Enbridge is continually looking for opportunities to enhance existing technologies, and advance new ones, that work to increase the reliability of our system.

Enbridge landowner and land agent shaking hands
For Enbridge, reliability is about more than just pipelines. It encompasses all our business units, our customer interactions, our information technologies. (N.B. image captured pre-COVID)

A reliable system is not only a safe system—it’s a predictable system, and predictability helps to make it easier to highlight items that could use attention.

For pipeline systems, reliability and integrity innovation often enjoy a symbiotic relationship, with advances in one area typically helping to improve performance in the other. Advances in machine learning-driven predictive maintenance, for example, can help reduce potential stresses on the system, lengthening the life of our assets and enhancing overall system safety.

At Enbridge, we believe reliability is about more than just pipelines. It encompasses all our business units, our customer interactions, our information technologies. Reliability innovation is about ensuring everything operates as it should, with minimal disruption.

  • New integrity assessment technologies gather more data than previously possible, enabling ever greater confidence in assessment results.
  • New data tools streamline and help manage review of dramatically increasing volumes of data gathered by new inspection, measurement and monitoring technologies. 
  • Passive inline systems reduce water vapor infiltration from natural gas distribution lines.  
  • Machine learning and artificial intelligence technologies can help reduce false alarms and support our proactive maintenance programs by identifying variations from normal or ideal operations. 
  • Above-ground inspection technologies for below-ground assets offer the promise of reduced ground disturbance and enhanced monitoring of hard-to-reach or “unpiggable” assets—i.e. those that can’t be inspected with a high-tech inline inspection (ILI) tool.
  • Cutting-edge technologies can enhance training of new team members.
  • Innovative sensors, processing, and inhibition systems technologies improve corrosion testing, detection and prevention.
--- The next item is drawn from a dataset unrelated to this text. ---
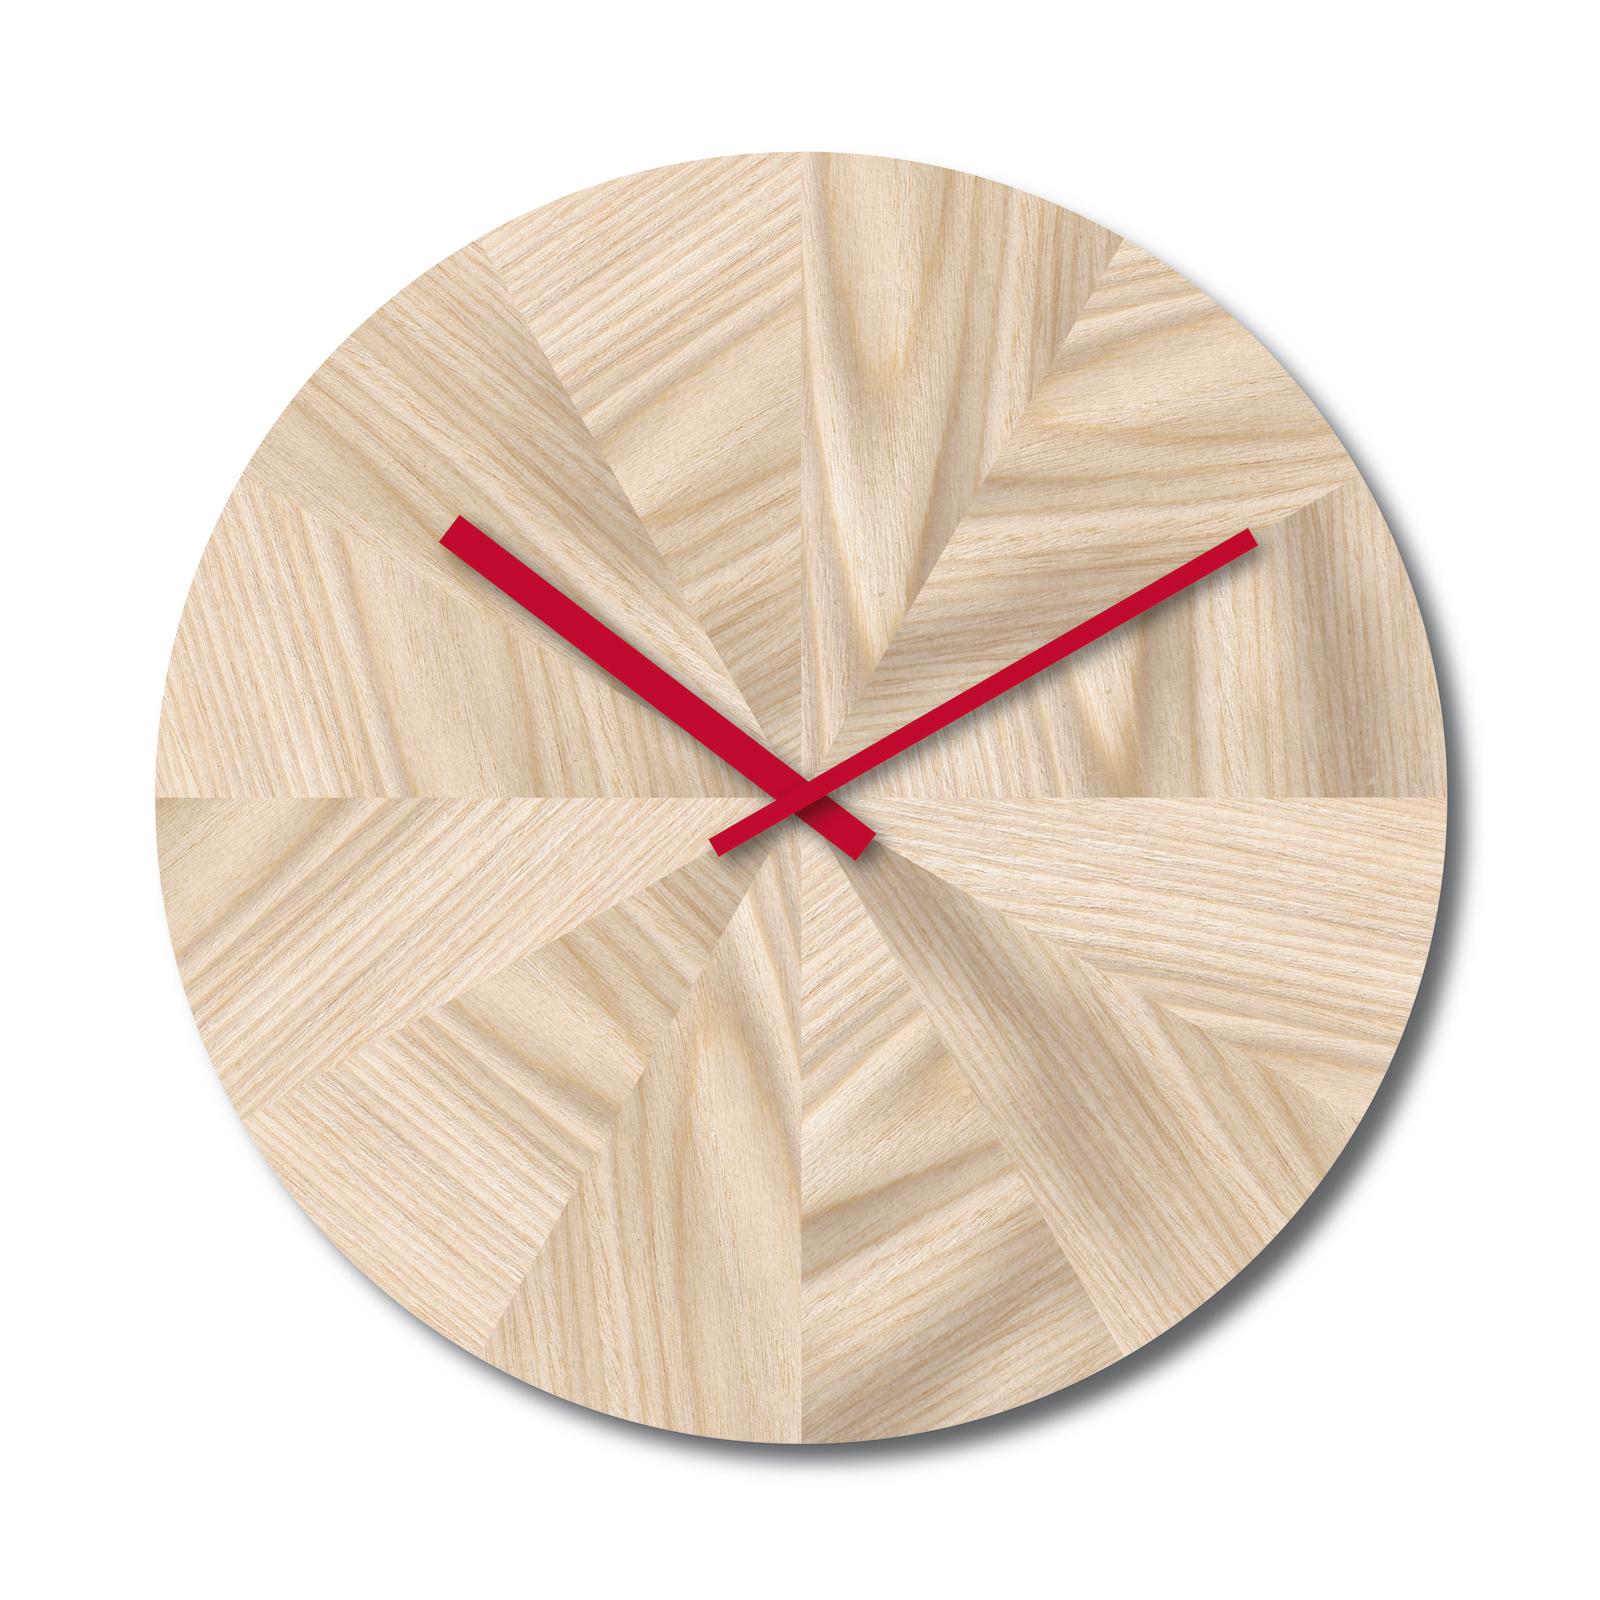 "Clock by <a href=""http://www.ding3000.com/en.html"">Ding3000</a> for Discipline."

Looking further into the future, Enbridge team members are engaged in investigations into: self-healing and impact-resistant coatings; augmented reality technologies to support integration and representation of disparate, complex, multi-source data sets; and new long-range technologies for secure, reliable communications.

Case studies

Data and analytics: More connected, more intelligent, more sustainable

Big data. Machine learning. Predictive analytics. Giant leaps forward in the collection, management and analysis of “Big Data” are set to radically change our world’s energy system over the next few decades, making it more connected, intelligent, efficient, reliable and sustainable.

In many ways, data and analytics are the new forms of energy, and the Technology and Innovation Lab (T+IL) is front and center of their delivery for Enbridge.
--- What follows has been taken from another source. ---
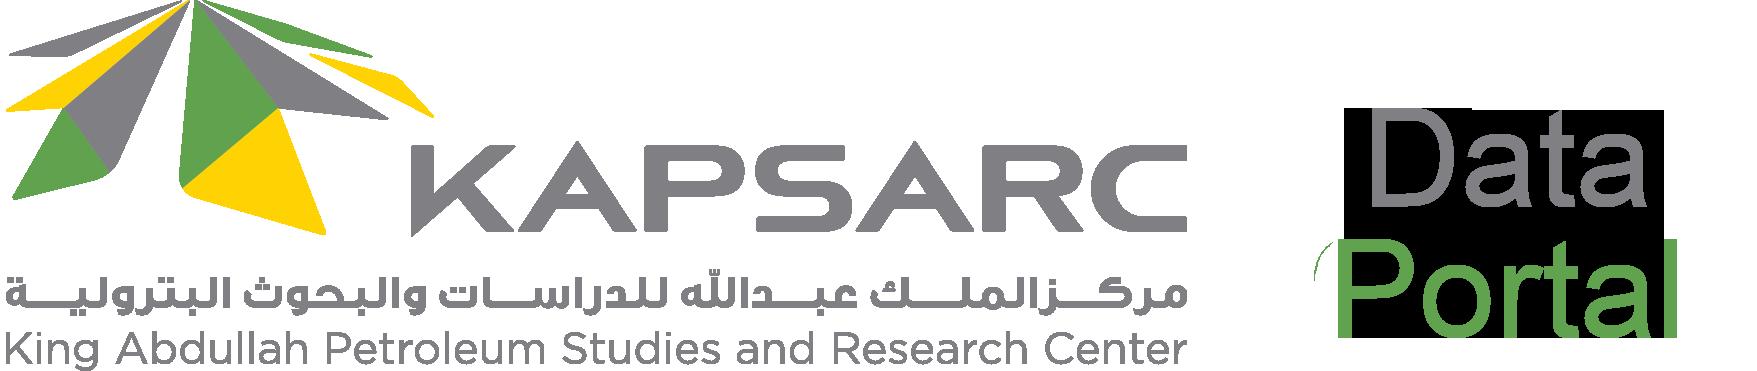 KAPSARC Data Portal

Data fuels our management of risk and threats to safety, powering partnerships between the T+IL and Enbridge’s business units to develop next-generation capabilities.

Integrity management (gas pipelines)

Managing risk and threats through integrity programs is fundamental to asset health and system reliability. Together, Enbridge's T+IL and Gas Transmission partnership has developed a product that tackles the challenge of mining billions of data pieces to optimize the efficient operation of our suite of inline inspection (ILI) tools.

Through applied machine learning, we are better able to characterize operational risk and safety factors, leveraging vast volumes of data to continuously assess and mitigate threats and applying advanced analytics to recommend threat solutions.

Integrity management (crude and liquids pipelines)

Partnering with the Enbridge Liquids Pipeline Integrity team, the T+IL has also created a digital tool that consumes all inspection data from vendors and the field to better predict trending in features that may affect pipeline health in our liquids pipeline system, helping our integrity teams to focus most where it matters most.

The application of machine learning has resulted in the calculation of a corrosion factor and other features, such as metal loss and cracking, that are detected through inspection—speeding up the process for engineers to review and validate. These digital tools provide the ability to process, trend and extract insights from the enormous amount of data gained from integrity and inspection work to optimize maintenance programs, avoid unnecessary digs and drive efficiency.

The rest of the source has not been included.